Responsibilities and Duties:
Work in conjunction with the Architecture team to lead the development of the Application Security program for the Enterprise
Provide strong leadership and cross-functional / stakeholder communications
Work with the Architecture team to select and lead deployment of tools as necessary to expand the program. Integrate those into the SDLC for automation and assistance to developers.
Execute the scanning tools. Reviewing results and coordinating with the Application Development teams the tracking and remediation of findings.
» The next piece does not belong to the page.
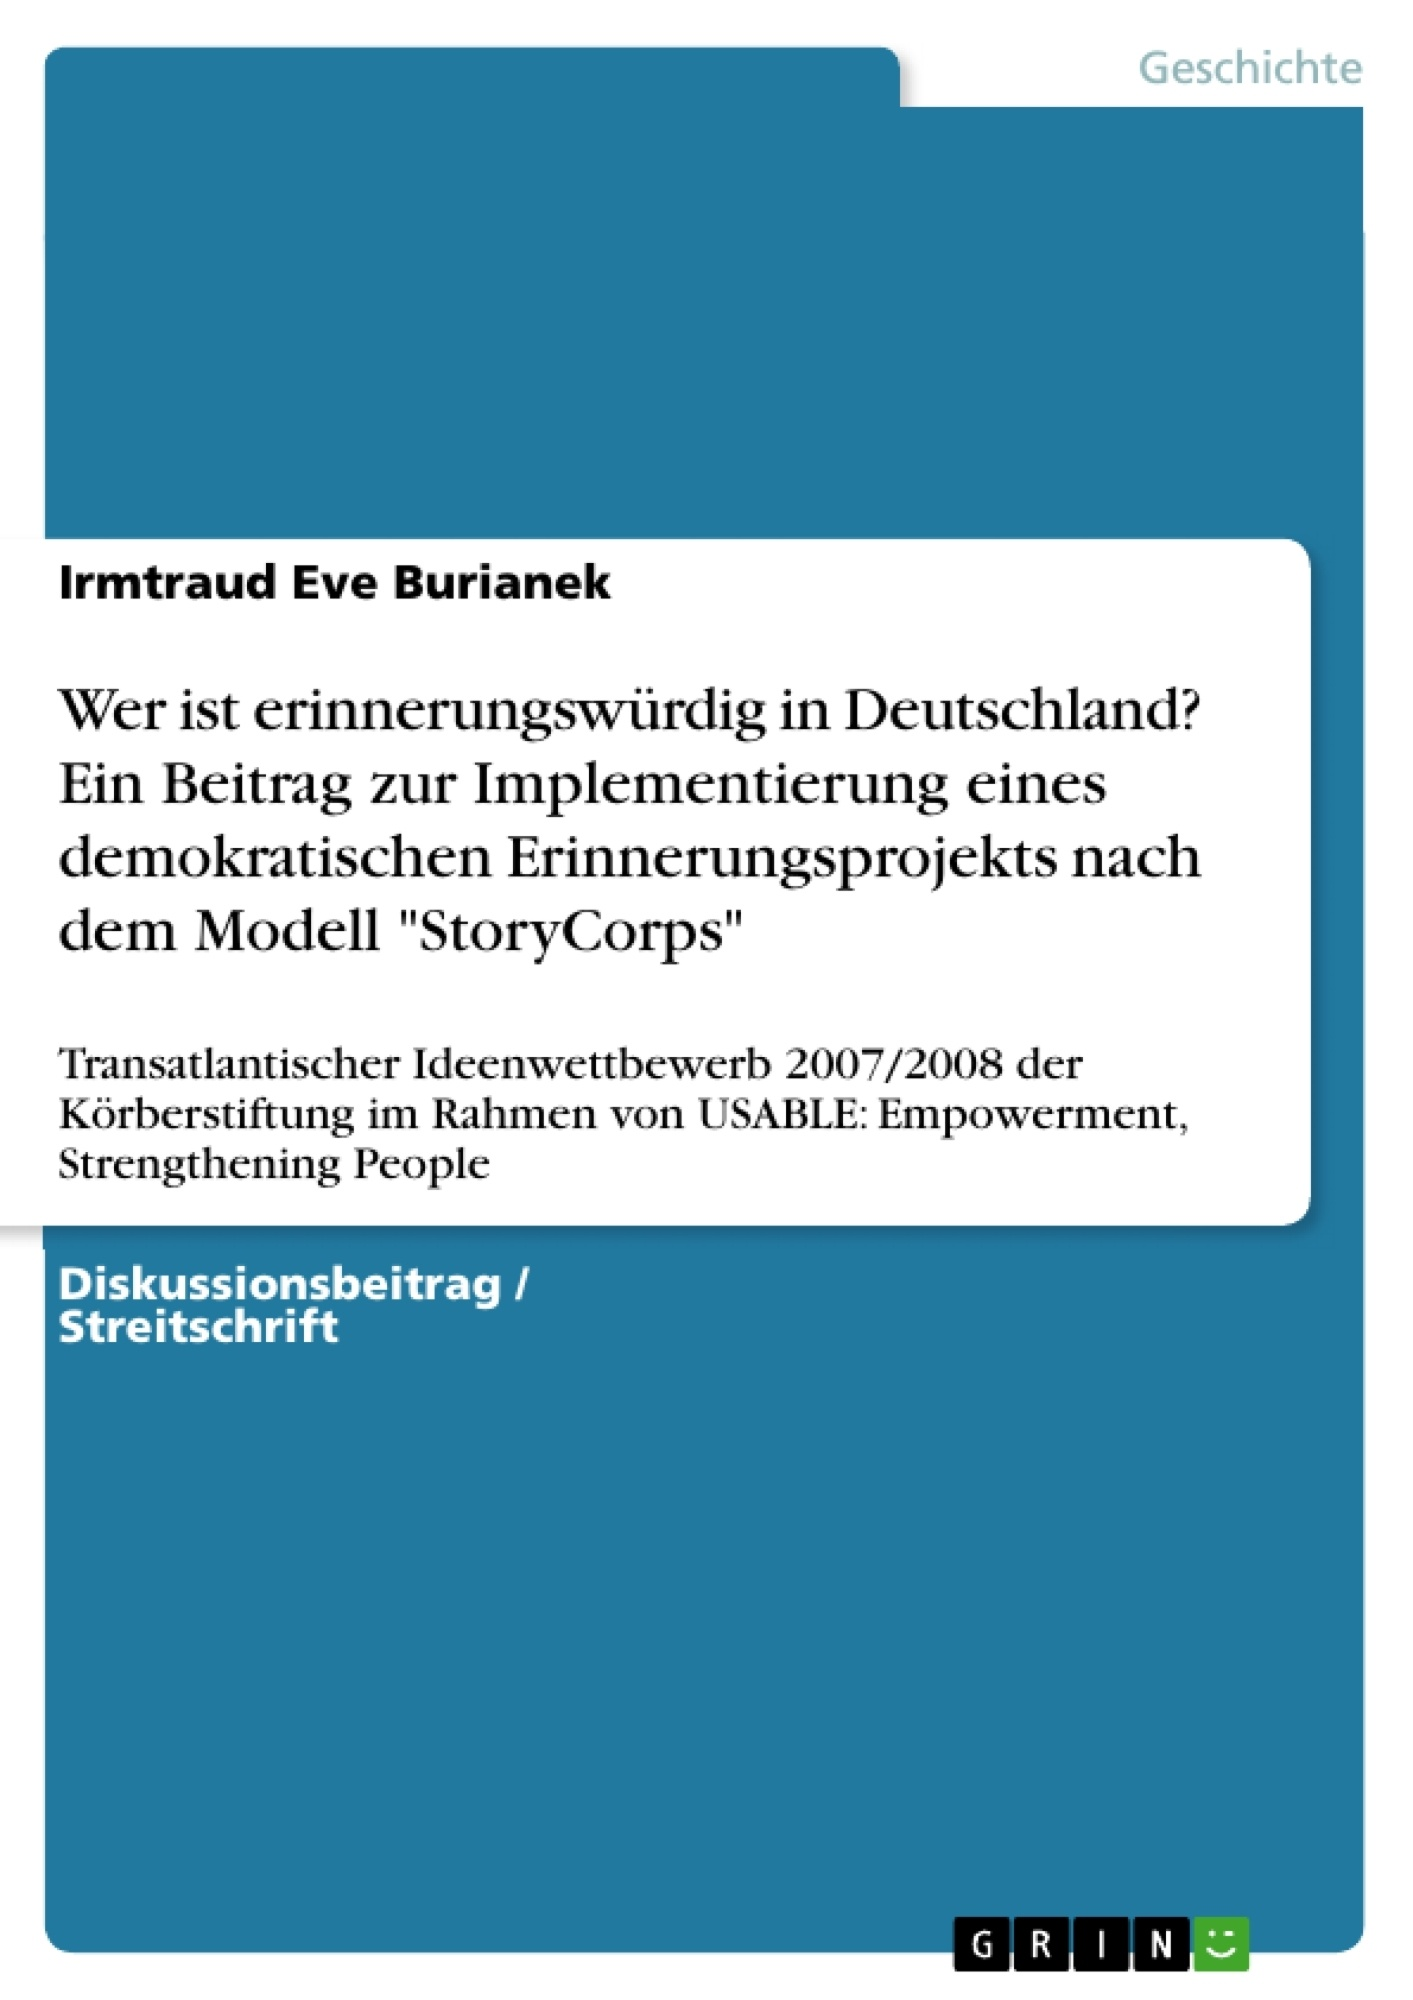 """Titel: Wer ist erinnerungswürdig in Deutschland? Ein Beitrag zur Implementierung eines demokratischen Erinnerungsprojekts nach dem Modell """"StoryCorps"""""""

Assist the Development teams with code reviews and integrating security into the multiple SDLC processes.
Work with the internal Cyber Threat Team on scheduling penetration tests of critical applications and work with those development teams on remediation of findings.
Work with architecture teams to build, execute, and track a roadmap of Application Security maturity
Build and maintain documentation related to the application security program including the development of, or updates to, new or currently established baselines for secure application development.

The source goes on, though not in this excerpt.